United Nations (United States) (AFP)

At the initiative of the United Kingdom, which prides itself on having put in place an effective vaccination process, the UN Security Council will discuss access to vaccines against Covid-19 on Wednesday and must address several questions likely to divide its members.

How to ensure their global distribution and prevent them from being preempted by the rich countries of the northern hemisphere at the expense of the southern hemisphere?

Should priority be given to the vaccination of peacekeepers mobilized in some fifteen operations and members of UN agencies, including in countries that do not have access to vaccines?

And who should do it: the UN, the country of origin or the country of deployment?

"Vaccines, vaccination, it is not really the job of the Security Council", notes on condition of anonymity an ambassador of a member country of the Council.

But "the Council can make a contribution", he adds, excluding the adoption of a resolution as early as the ministerial session organized this week.

Responsible for guaranteeing peace and security in the world, the UN Security Council has no particular competence in the field of global health.

In July 2020, he adopted, after more than three months of laborious negotiations, hostages of a Sino-American duel, his only resolution to date on the pandemic.

It therefore aimed to encourage an end to hostilities in countries in conflict in order to facilitate the fight against the spread of the disease.

According to diplomats, the UK recently shared a draft resolution on vaccine management with a few countries.

"There is a draft resolution, the negotiations have just started, it will take time," said one of them.

Vaccination, "it is the big challenge of the moment" and "it will take a long time before everyone is vaccinated", underlines the ambassador of the European Union (EU) to the UN, the Swede Olof Skoog.

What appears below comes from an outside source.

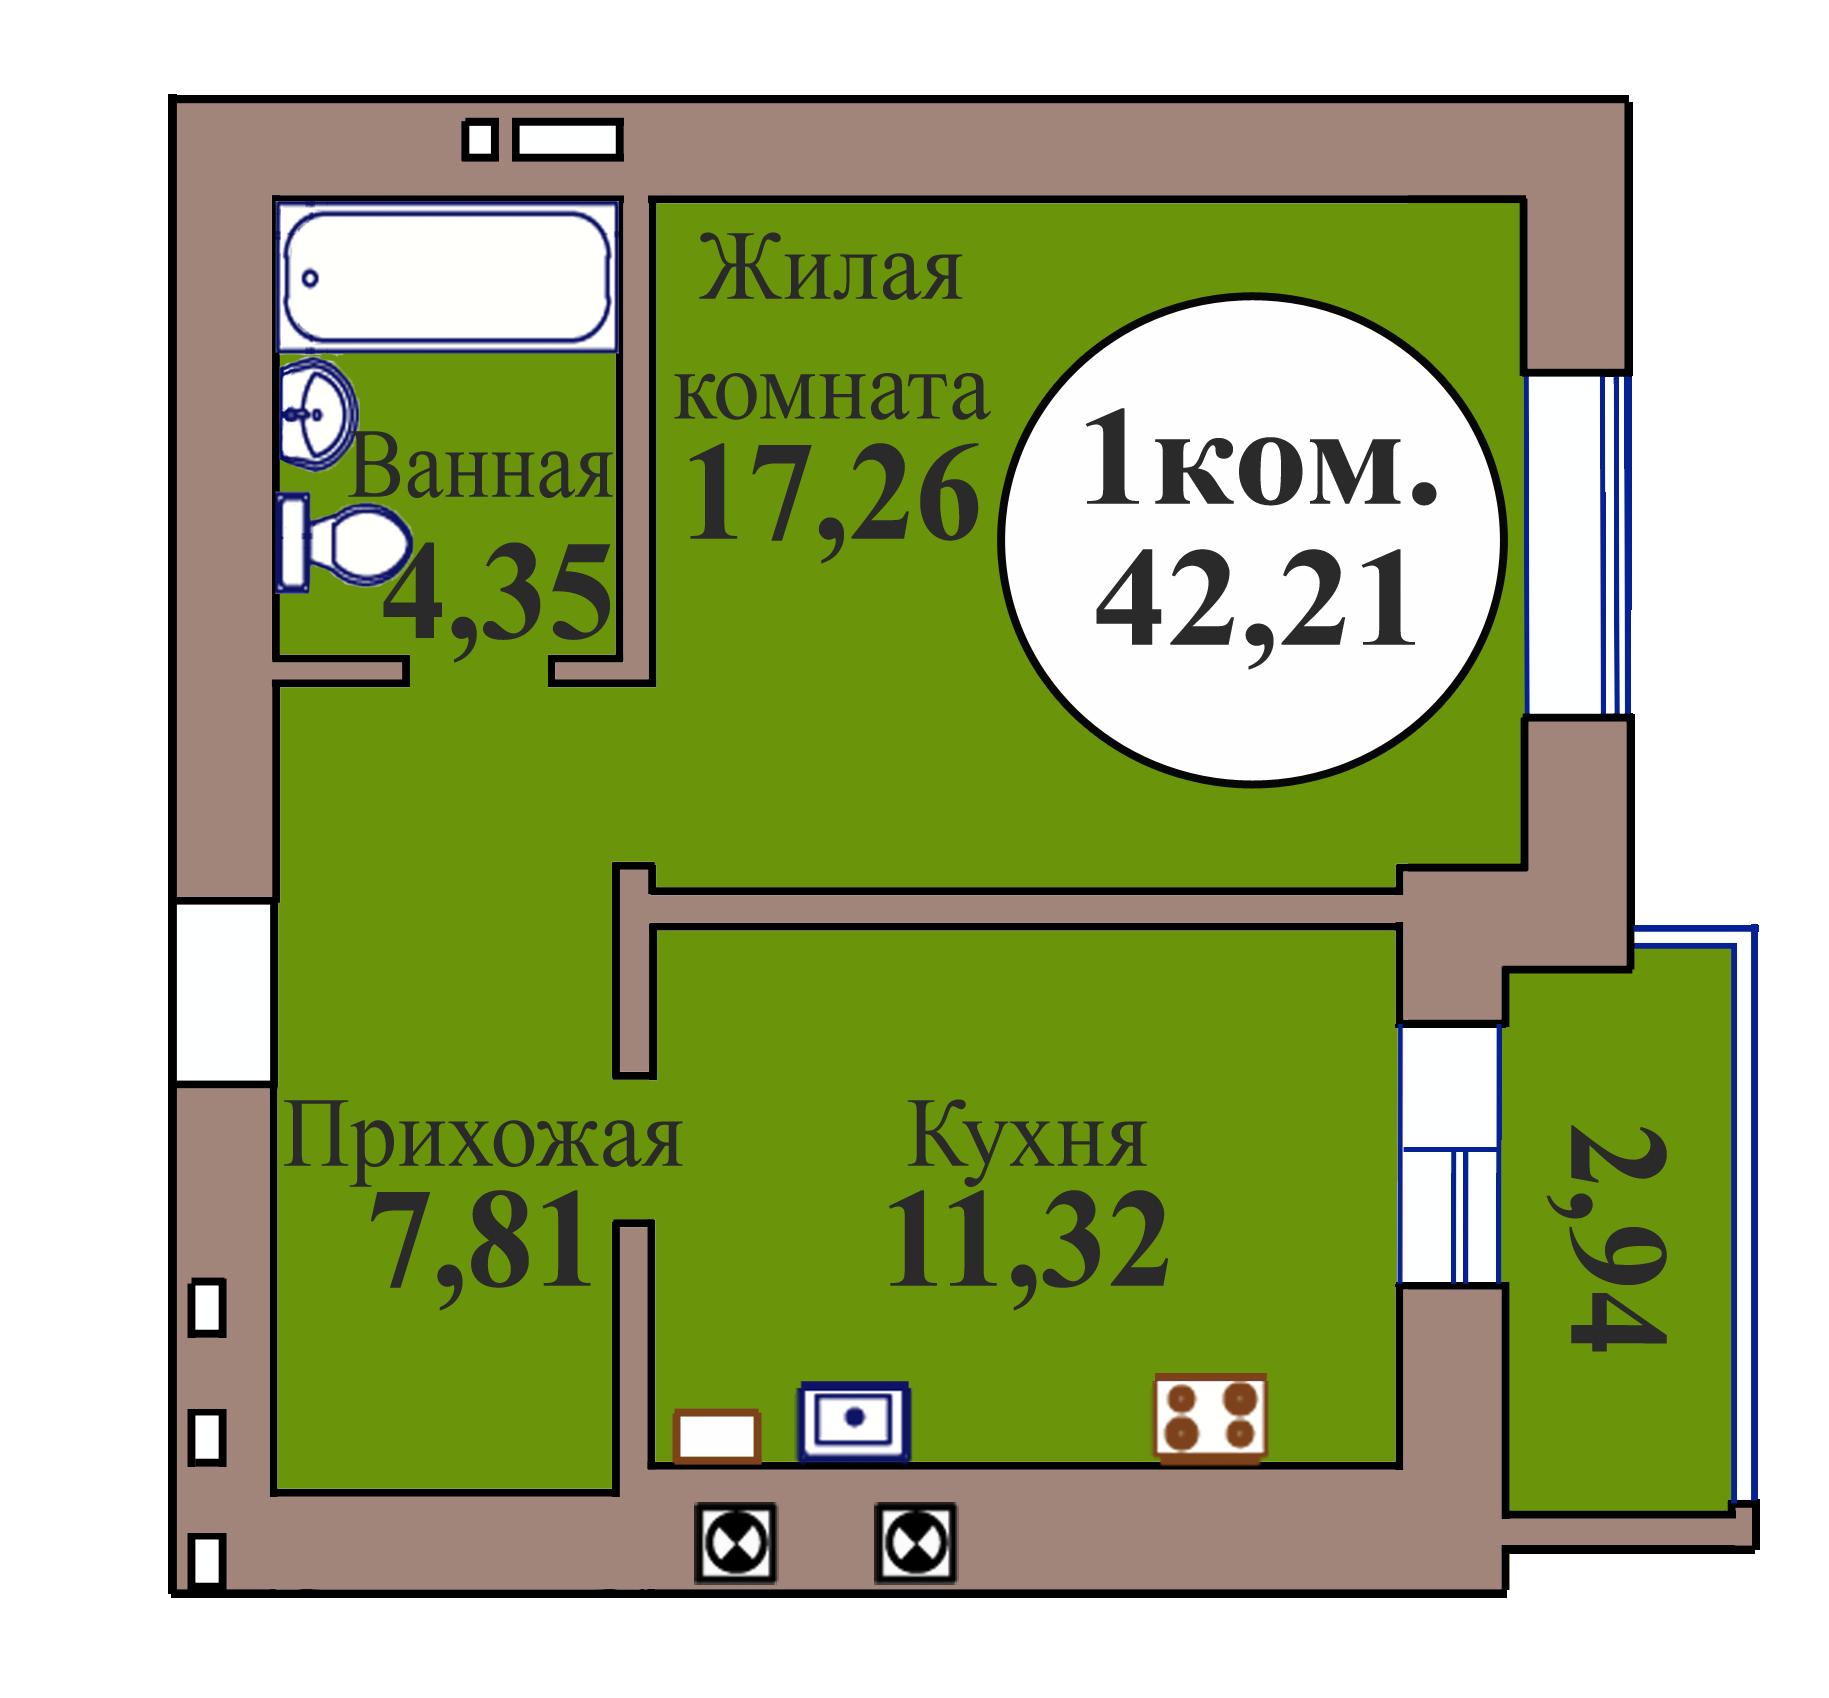 1-комн. кв. по ГП дом №3, МКР Васильково, кв. 165 в Калининграде

He recalls that the EU helped create the Covax mechanism which, under the aegis of the UN, should allow "the delivery of at least 2 billion doses before the end of 2021, including at least 1.3 billion at 92 lower income countries ".

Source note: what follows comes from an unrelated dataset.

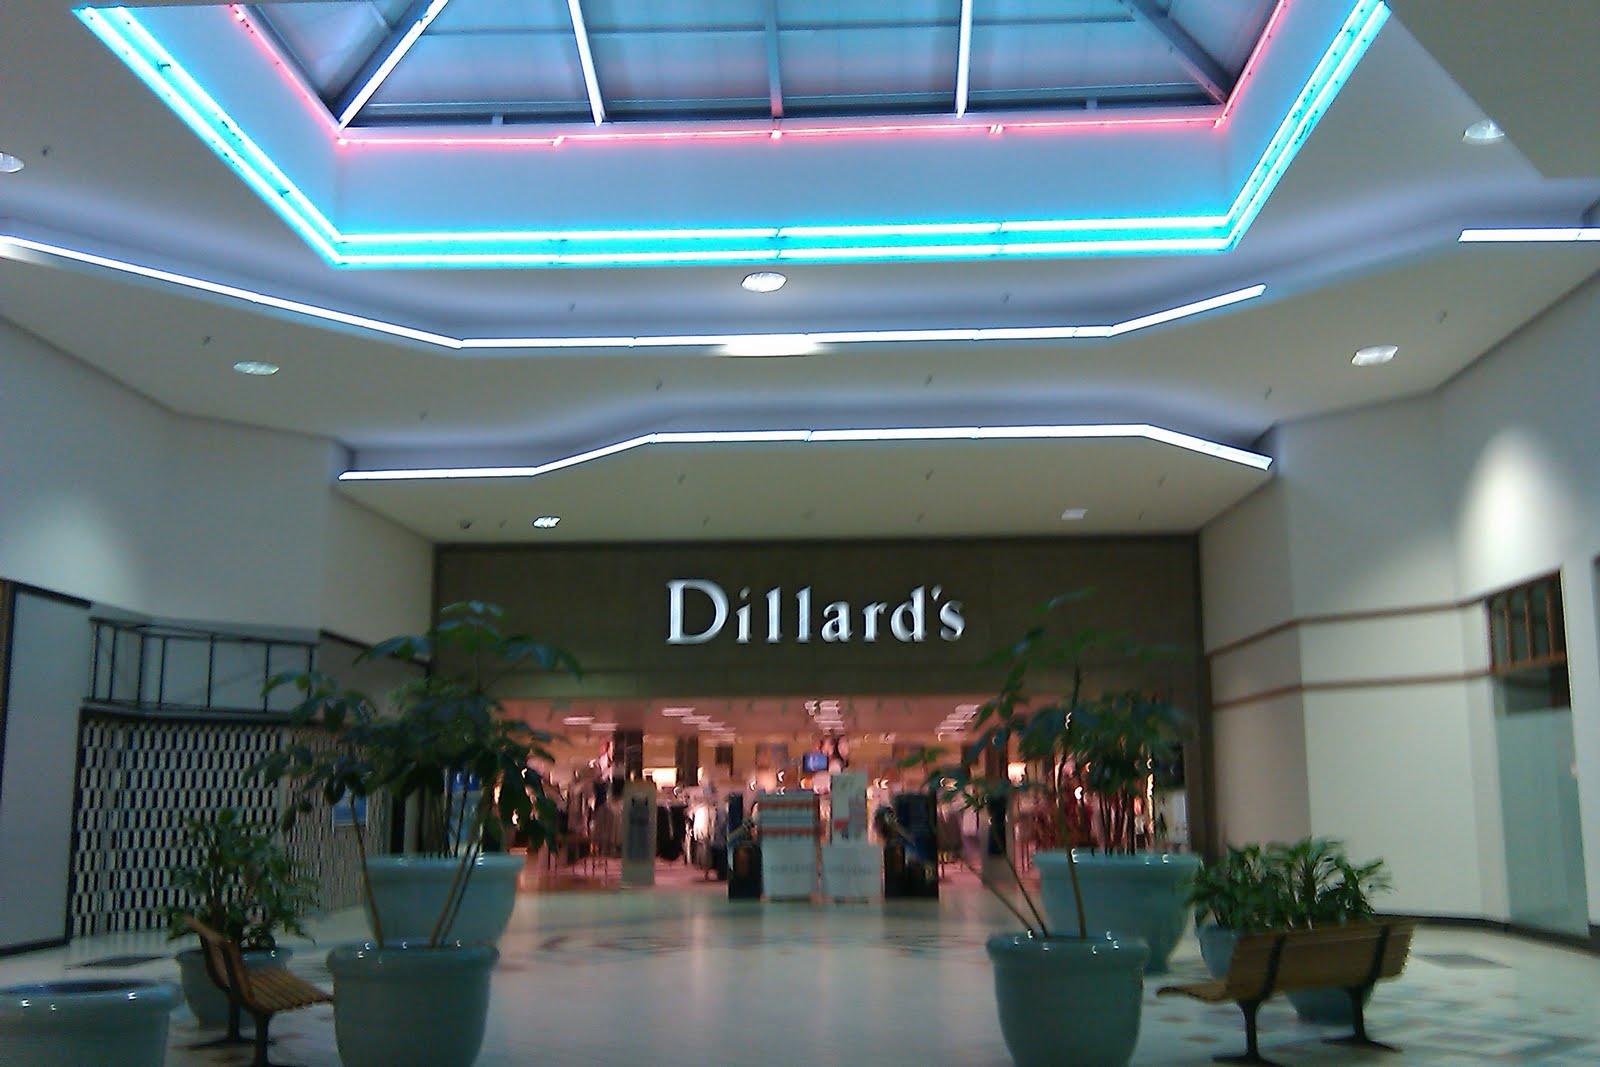 The Louisiana And Texas Retail Blogspot Neon Fading Away

- "No vaccine-apartheid" -

"What we don't want is an apartheid vaccine" with a North that has it and a South that cannot get doses, as South Africa recently denounced, explains the ambassador speaking anonymously.

According to him, the negotiations on a resolution at the Security Council risk "being complicated", some members of the Council not being very favorable to the idea of ​​"transparency" which should accompany a priori a universal commitment not to leave any country next to.

Several states, including China, Russia and some Gulf countries, have already embarked on "vaccine diplomacy", highlighting their national production or facilitating access to doses.

In his speeches, UN Secretary General Antonio Guterres reiterates that with the spread of the virus and its variants, security will only be ensured if everyone enjoys the same protection.

He calls for vaccines to become a "common public good", without real materialization so far.

Asked recently about the role of the UN in establishing a kind of "vaccination certificate" that cannot be counterfeited, the spokesperson of the Organization, Stéphane Dujarric, considered that there was "the need for international standardization and coordination "in this regard.

"The other worrying thing is the criminal element. People who falsify vaccination certificates or, even worse, who give people fake vaccines," he added, stressing the importance of an "international cooperation in this field".